Racconto di Rita Buccini
(Seconda pubblicazione – 22 luglio 2019)
Era tesa come un elastico maneggiato per gioco, distrattamente. Alternava la tensione con il rilassamento dovuto alla convinzione che alla fine una risposta l’avrebbe avuta. Poi tornava di nuovo in tensione quando affioravano gli spettri del dubbio e della paura. Era in attesa di un messaggio.
Internet e i vari social, i cellulari intelligenti e ogni loro applicazione avevano raggiunto quasi i confini dell’universo materiale conosciuto, ma non potevano mostrarti i pensieri altrui né i loro sentimenti. Quelle zone erano ancora libere.
Avrebbe dato qualsiasi cosa per potere, anche solo un attimo, conoscere cosa pensava di lei.
Si conoscevano da un po’ e il sentimento che provava per lui non era emerso subito, era passato attraverso la griglia del “Figurati se mi piace!”

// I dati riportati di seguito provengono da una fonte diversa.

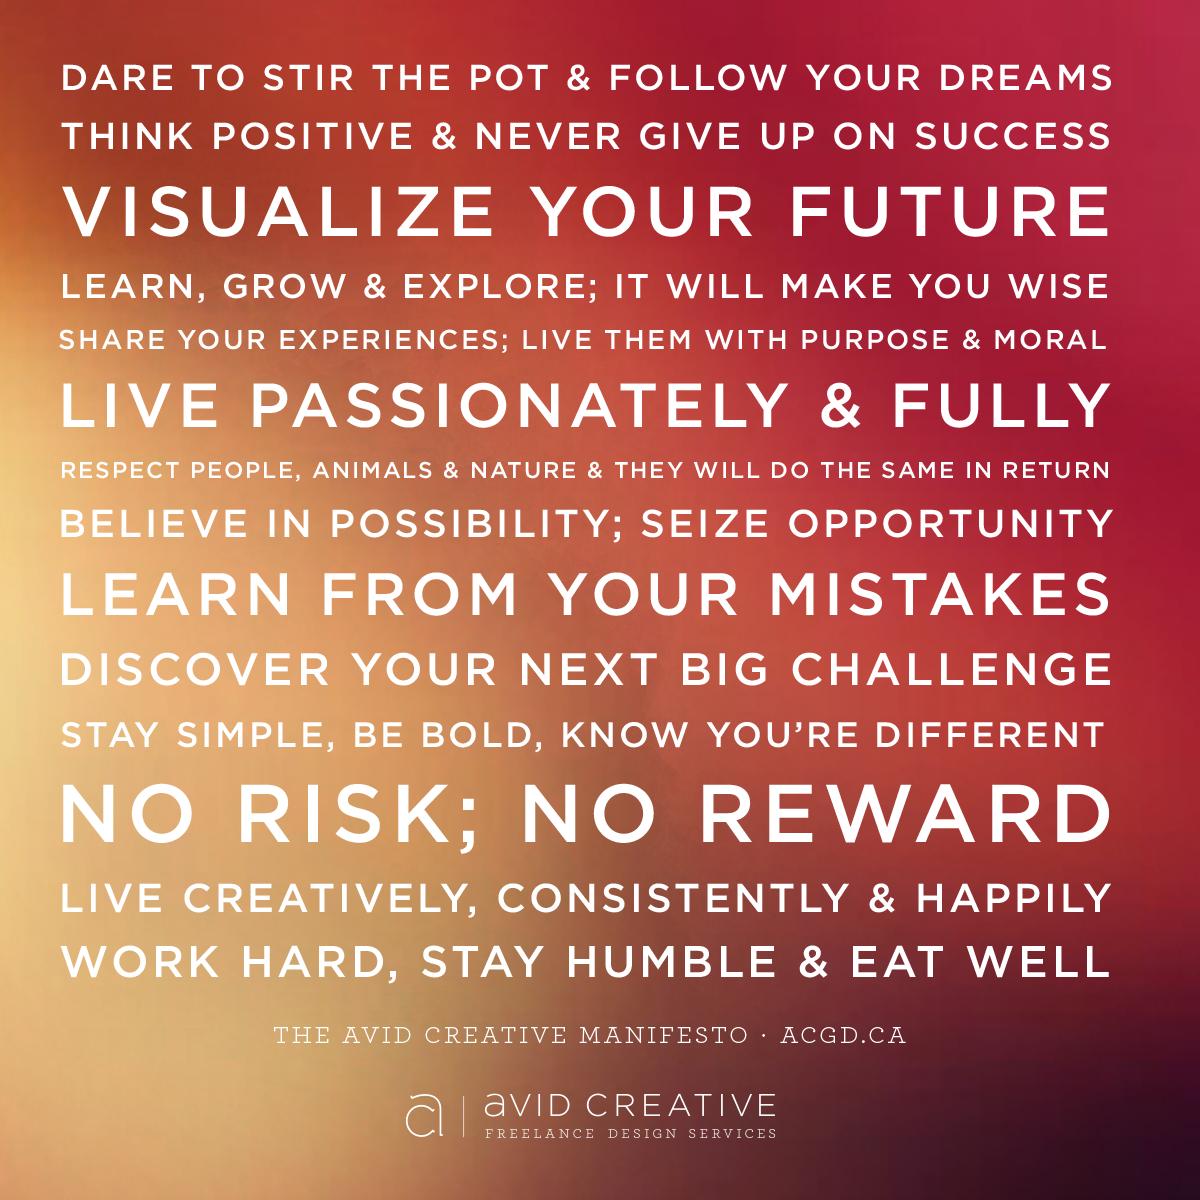 The Avid Creative Manifesto

Infatti, mentre lo diceva a se stessa, sentiva una vocina di fondo che affermava il contrario “mi piace eccome invece!”
E per ogni difetto che voleva trovare in lui per difendersi dal sentimento, sapeva subito che c’era un pregio lì pronto a smontare tutti i muri che si era illusa di erigere. Alla fine aveva ceduto alla sua vocina interiore, al suo cuore, e aveva ammesso che lui non le era affatto indifferente.
Ed era lì, proprio in quel punto cruciale delle cose, che nasceva il problema che generava ansia e tensione: confessare ciò che provava. Tutta la paura veniva dal fatto che non sapeva cosa lui pensasse di lei.Non era detto che fosse la scelta giusta mostrare i propri sentimenti tuttavia che altro avrebbe potuto fare? Ciò che le premeva nel cuore dall’interno era un battito da donare, lo sentiva essere così, un qualcosa di vivo da prelevare con molta delicatezza per porgerlo alla persona che l’aveva generato dentro di lei. Era per mostrare che era possibile creare nuova vita dentro un cuore e che era importante condividerlo. Ecco perché alla fine, dopo molta riflessione, aveva deciso di parlare.

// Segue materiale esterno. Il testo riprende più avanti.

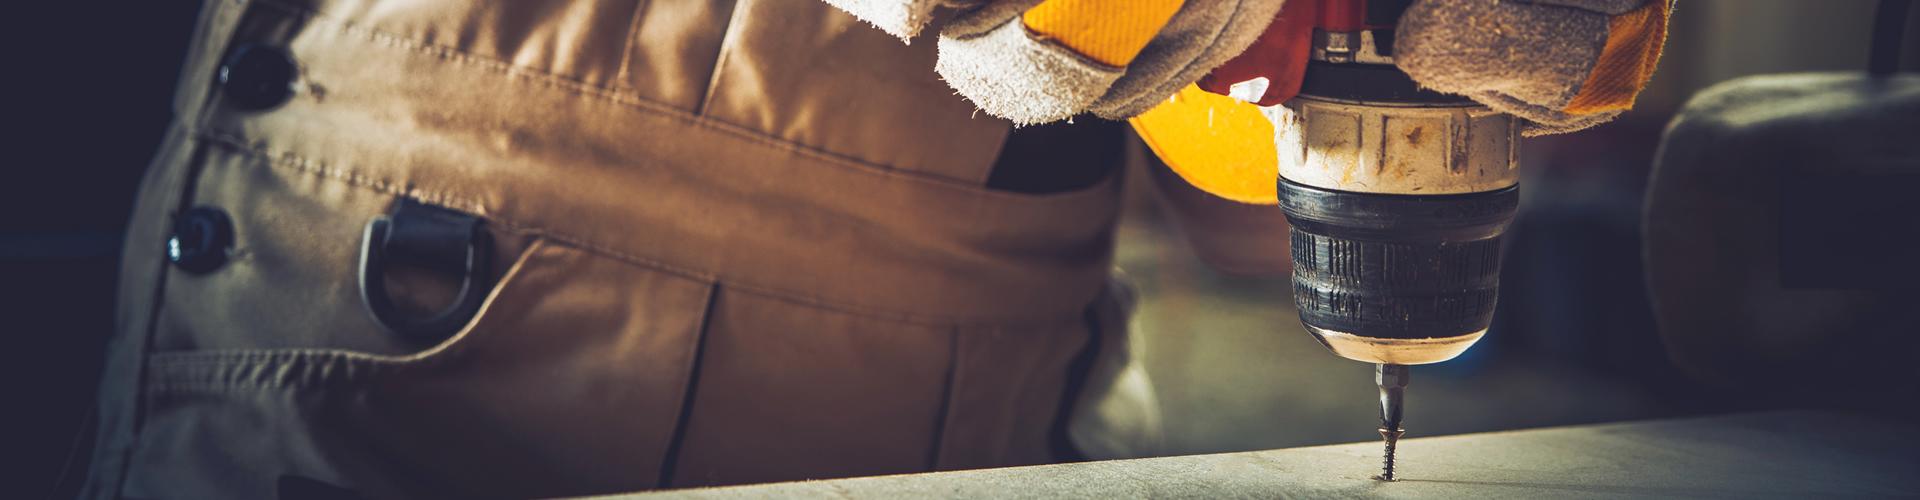 Dikili Tip Rack Kabin | Tekniksat Metal | CNC PUNCH | CNC ABKANT | FİBER LAZER KESİM

Aveva però così tanta paura di esprimersi a voce che aveva scelto una strada antica, gli aveva scritto una lunga lettera. Quindi eccoci arrivati al punto: era in attesa della risposta. Ovviamente lui, di solito di poche parole, se avesse risposto, lo avrebbe fatto tramite messaggio via cellulare. O l’avrebbe chiamata? L’avrebbe cercata dopo la sua lettera d’amore? O avrebbe riso fra sé e per non ferirla avrebbe cercato una scusa per allontanarla? O Forse sarebbe stato schietto e le avrebbe detto un secco no o un semplice sì? E se invece si fosse infastidito e avesse scelto comunque il silenzio? E a proposito di rimanere in silenzio, sarebbe stato senza parole per la felicità o per la confessione che non si aspettava?
Cercava di pensare vorticosamente per creare una sorta di salvagente mentale, un qualcosa già ricco di risposte, tra le più disparate, che potesse contemplare almeno una soluzione esatta sulla quale elaborare una strategia di reazione. Era da sempre abituata a pensare a tutto per non rimanere delusa e nuda in mezzo al nulla che talvolta la vita ti offre. Che c’era di male in questo modo di affrontare l’esistenza? Più di una volta le era stato di aiuto mettere in conto le cose e si era riparata almeno un po’ da una sonora delusione. Era un metodo valido. Ma quello che non voleva vedere bene era che, come metodo, aveva il rovescio della medaglia perché provocava ansia infinita.
Comunque il dado era tratto e la sorte si era messa in moto. Una qualche risposta ci sarebbe stata, che fosse positiva o negativa. Al di là di questo, però, restava il fatto che l’attesa del messaggio di risposta era il principale responsabile del suo stato di tensione.
Ogni suono del cellulare la faceva sobbalzare dentro, una specie di capriola del cuore, con la felicità di un sì tenuta al guinzaglio dal rifiuto. Sbattevano sulle pareti del cuore come palline e creavano un’eco che le faceva vedere quanto desiderasse una risposta.
Provò dunque a calmarsi, si sedette e prese in mano un libro nell’attesa del messaggio.